The vampire grinned, and his smile extended from ear to ear, the scars that severed the skin of his cheeks grinding together like the lips that they were not. A cross was branded into the skin of his forehead so that he resembled a parishioner on Ash Wednesday, especially if Ash Wednesday took place in hell.

“No,” he slurred around his misshapen lips, “There are none left alive.
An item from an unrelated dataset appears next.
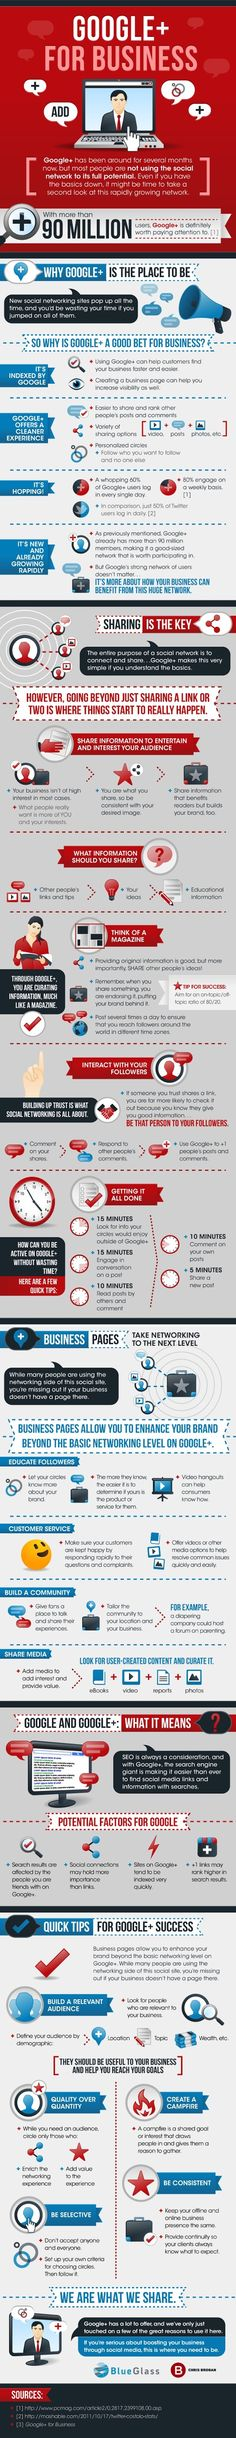 Google Plus for Business   Social Media Infographic www.socialmediamamma.com

All have been converted, as Zuriel wishes,” his long fangs flashed in the light of the streetlamp as he spoke, stained though they were from his feeding.

“Good.” Dinah turned to smile at him as she hugged her bible closer to her chest to protect it from the rain, “They will be coming soon: first the humans and then our prey.”

“The master is certain that they will come?”

“Oh yes,” Dinah’s eyes lit up with their hideous zeal, “The eastern tribes will come. They will come to the river and they will cross it but it will take so much out of them that they will be as easy to kill as any human. They will think that they are clever, and they will band together to take us out, but that will only make our victory all the quicker.”

Mordecai laughed, “In His name, amen.”